■ **Data below**:
★ ★ ★ ★
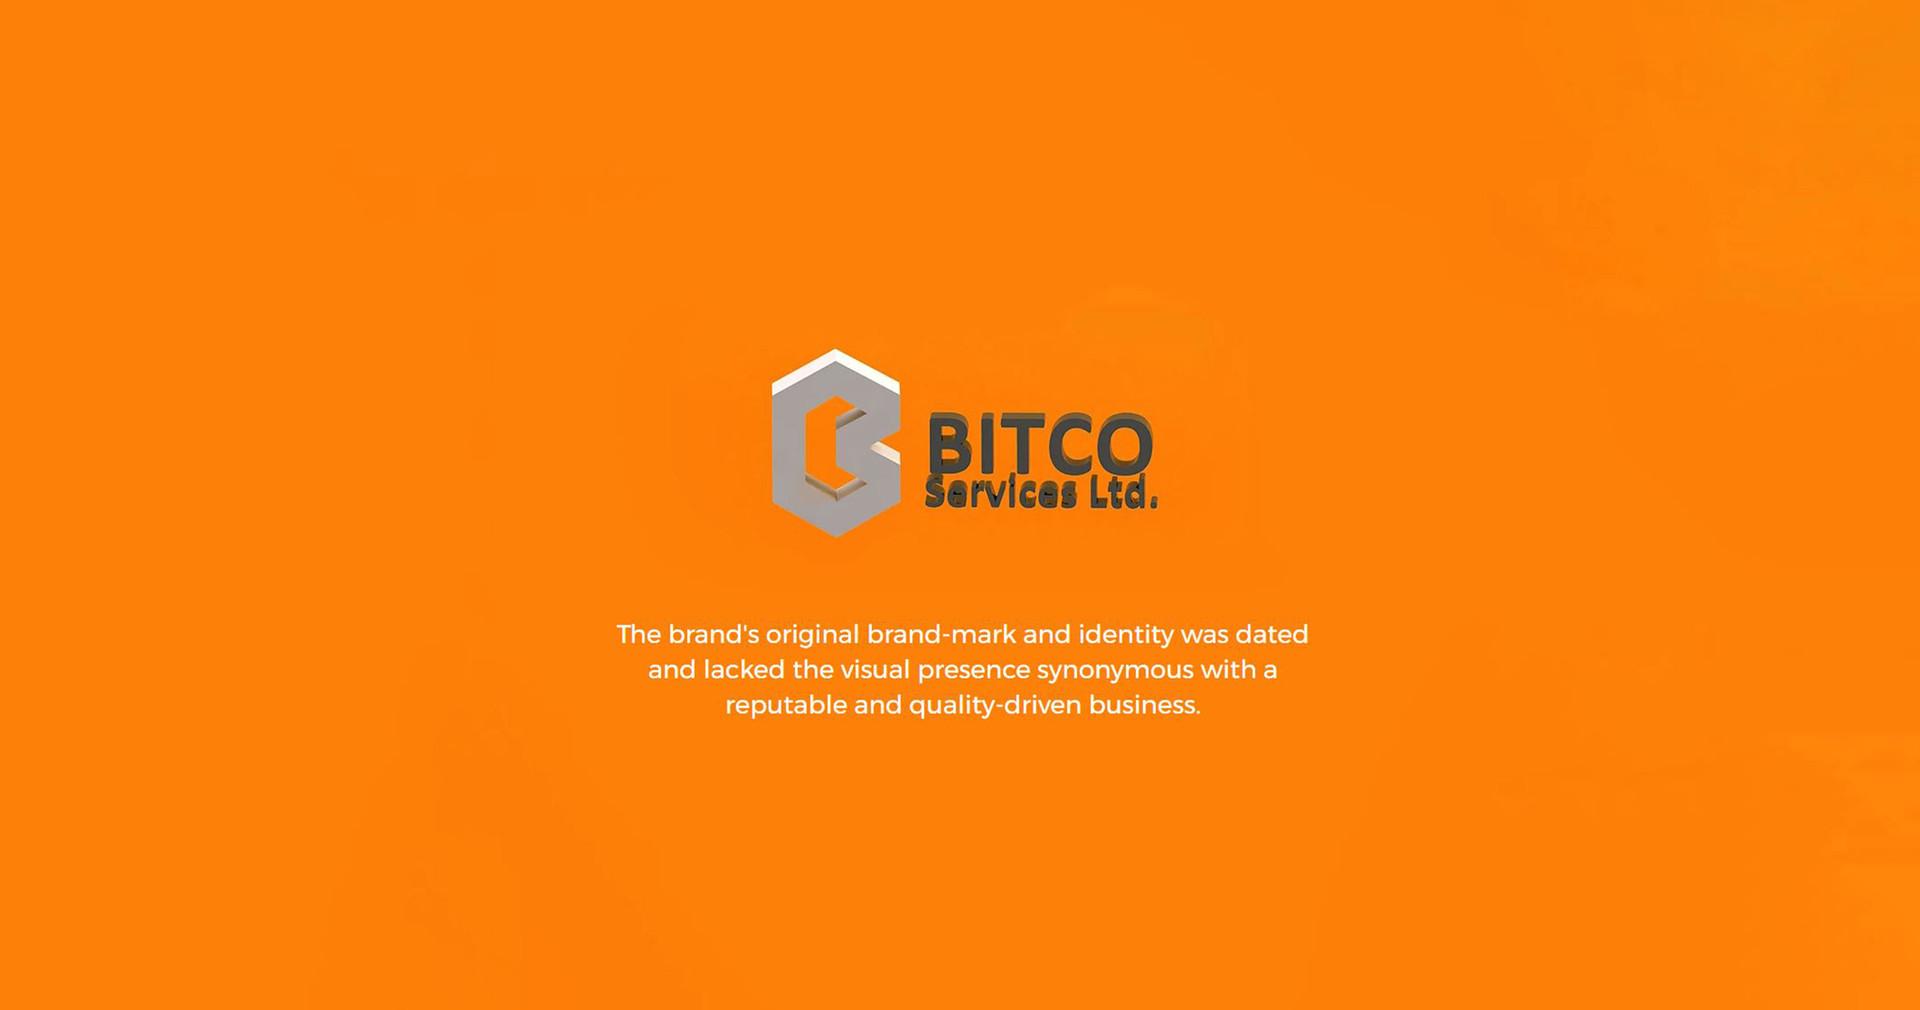 bitco services old.jpg
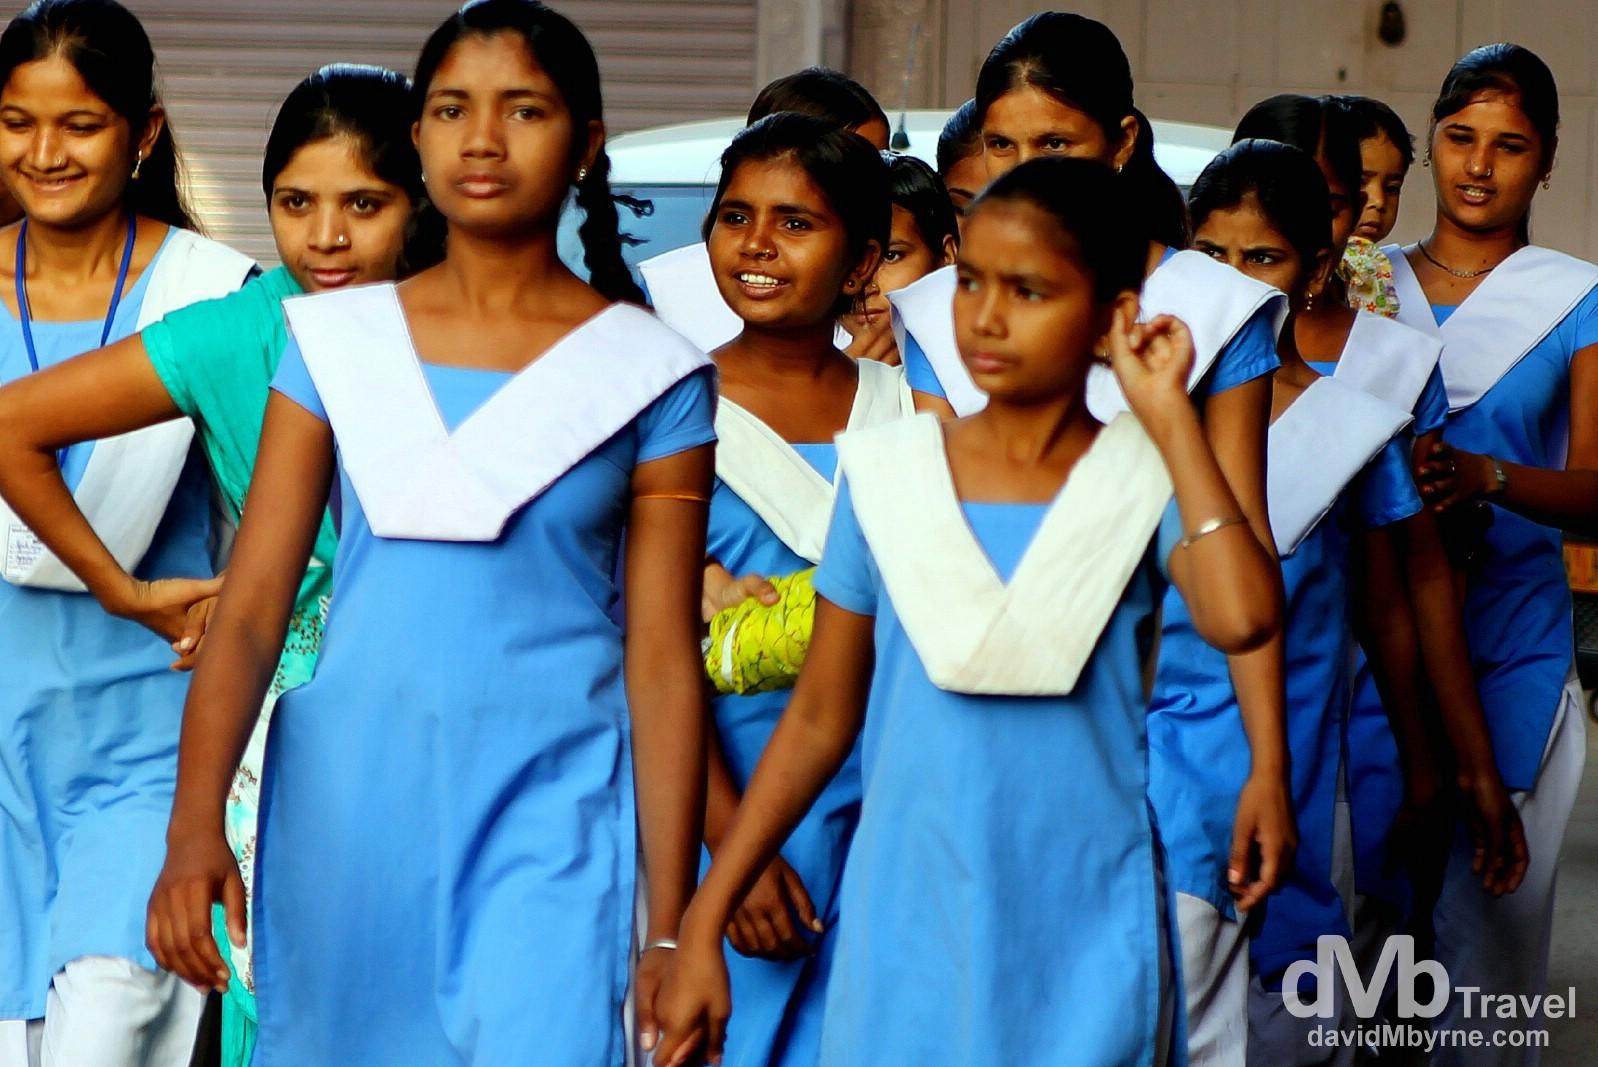 Schoolgirls on the streets of Bundi, Rajasthan, India. October 2nd 2012.
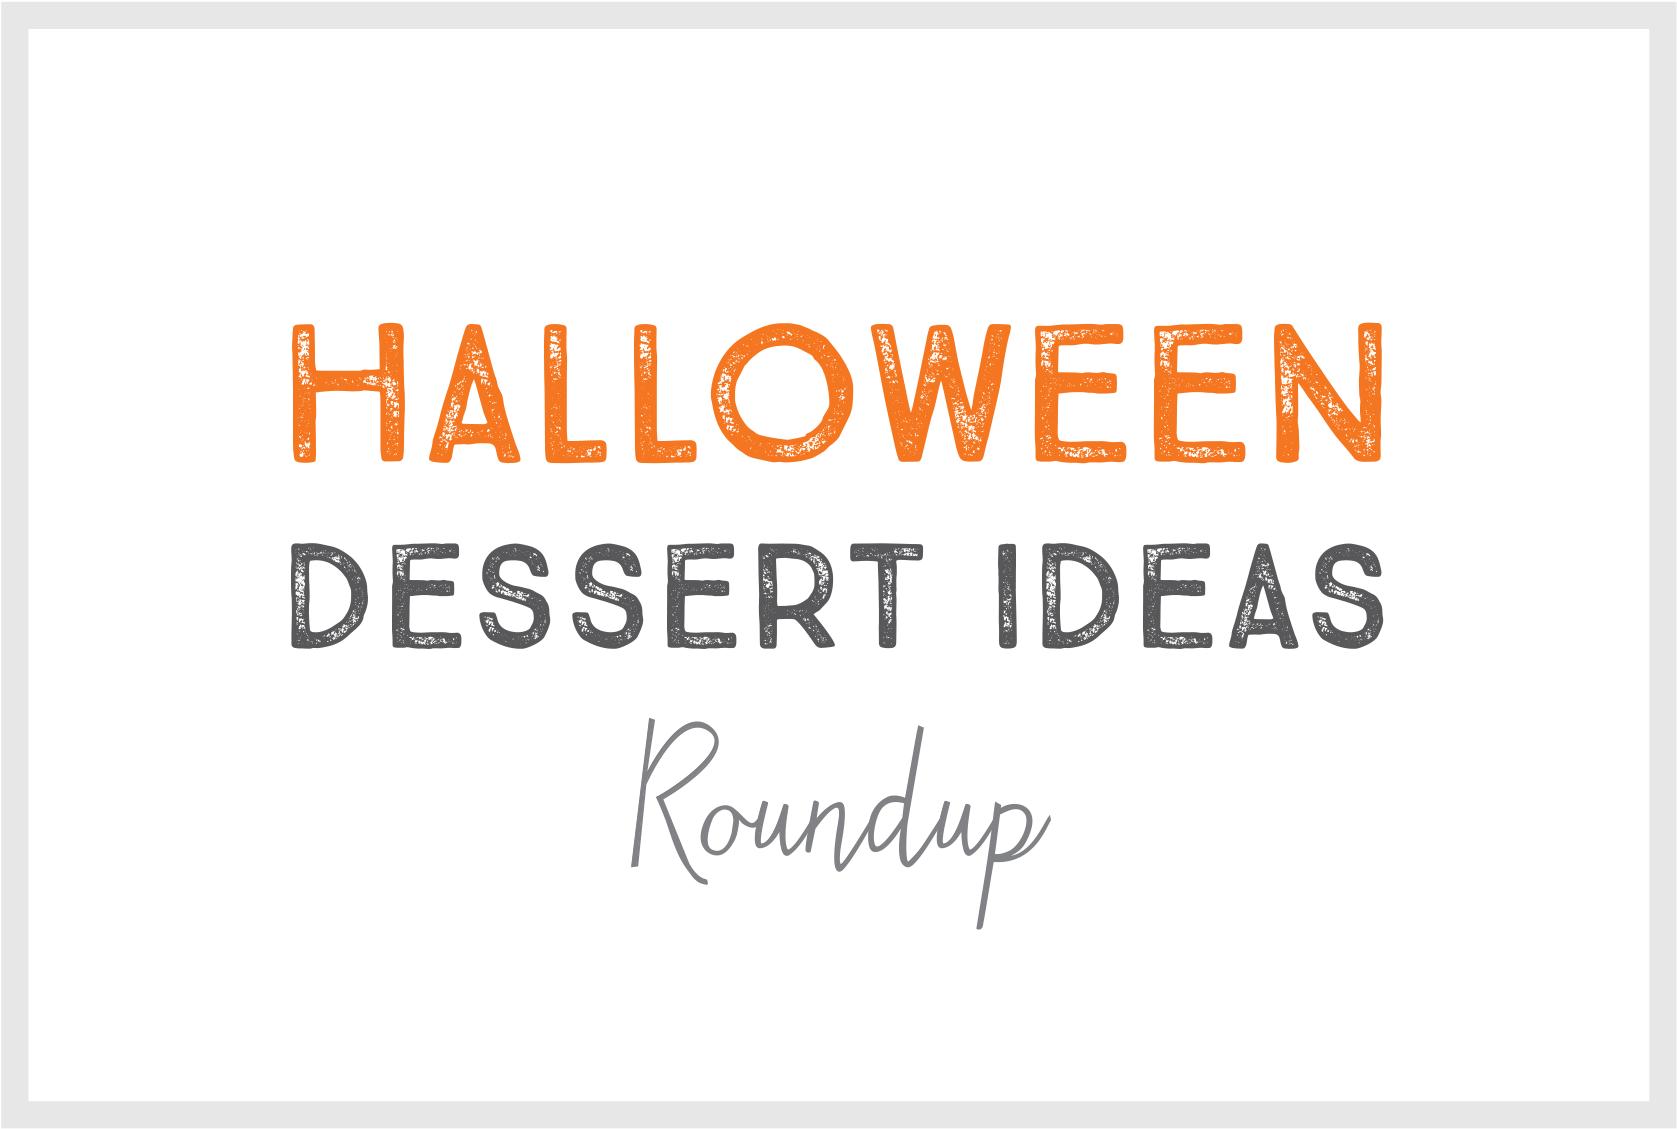 Title from the roundup, Halloween Dessert Ideas.
★ ★ ★ ★
■ **Task details**: Could you copy exactly, and with no pictures, the lines above from the one containing "Schoolgirls on the" through the last line, both included?

■ **Answer to this problem**:
 Schoolgirls on the streets of Bundi, Rajasthan, India. October 2nd 2012.
 Title from the roundup, Halloween Dessert Ideas.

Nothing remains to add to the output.